Following this one week rural homestay and the seminars that went along with it, we traveled to a traditional Himba village and camped right next to it. The first night, we got a tour around the village, met the chief, his wife, and got to learn about the traditional dress of the Himbas. They wear the skins of their animals, and cover themselves in occra (don't know how to spell it), a red powder mixed with butter that protects their skin from the sun. The Himbas do not wash themselves with water, but simply clean themselves with the occra. It was very cool to get to see the way they live, in their own villages. I think a few of us were questioning the legitimacy of the interaction, however. A group of about 20 people, majority white students from the United States, traveling to Africa to see the way that "Africans" live in their traditional homesteads? We were all a bit uneasy at the thought. Imagine a bunch of people from another country coming to your house to set up a tent next to it, to observe the way that you live? Uncomfortable to say the least. However, we learned later that the Himba people had contacted our professor to ask us to come to their village to learn more about their culture. This fact helped a little, but I know that I was still a bit uncomfortable, but it was a great learning experience.

After that camping experience, we traveled to Etosha National Park, one of the biggest tourist destinations of Namibia, especially in the north. There were got to see SO many different kinds of animals! The most prominent was the giraffe. There are hundreds of giraffes in the park. It was a very relaxing and fun end to a fun but packed trip to the north - hanging out with a bunch of giraffes, wildebeast, springbok, hyenas, and some jackals.

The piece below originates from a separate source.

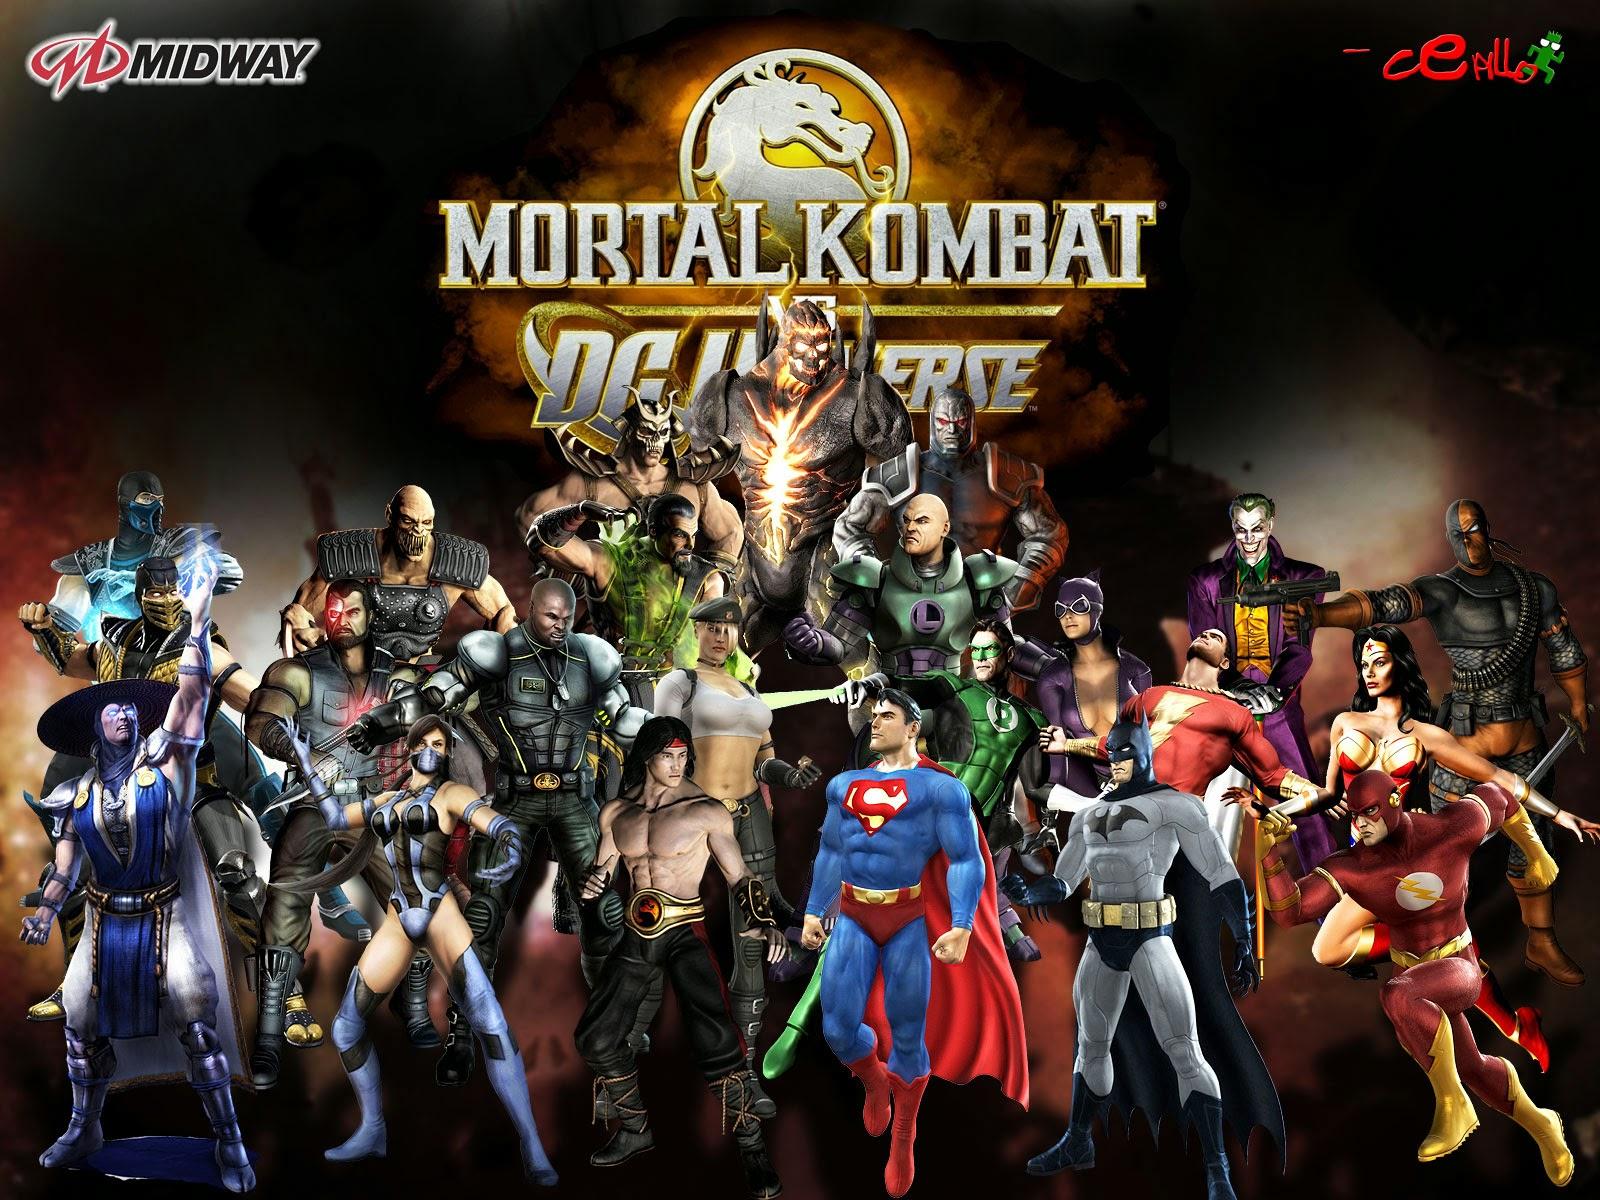 Mortal Kombat vs. DC Universe (Game) - Giant Bomb

This coming week is spring break! All of the CGErs will be heading off to different places in southern Africa. I am actually going back to the coast of Namibia, to Swakopmund, for some affordable days on the beach and to volunteer at an afterschool program for some Namibia students called Mondesa Youth Opportunities. It should be an awesome break! I am going with two of my good friends on the program, so it will be greeeeeat.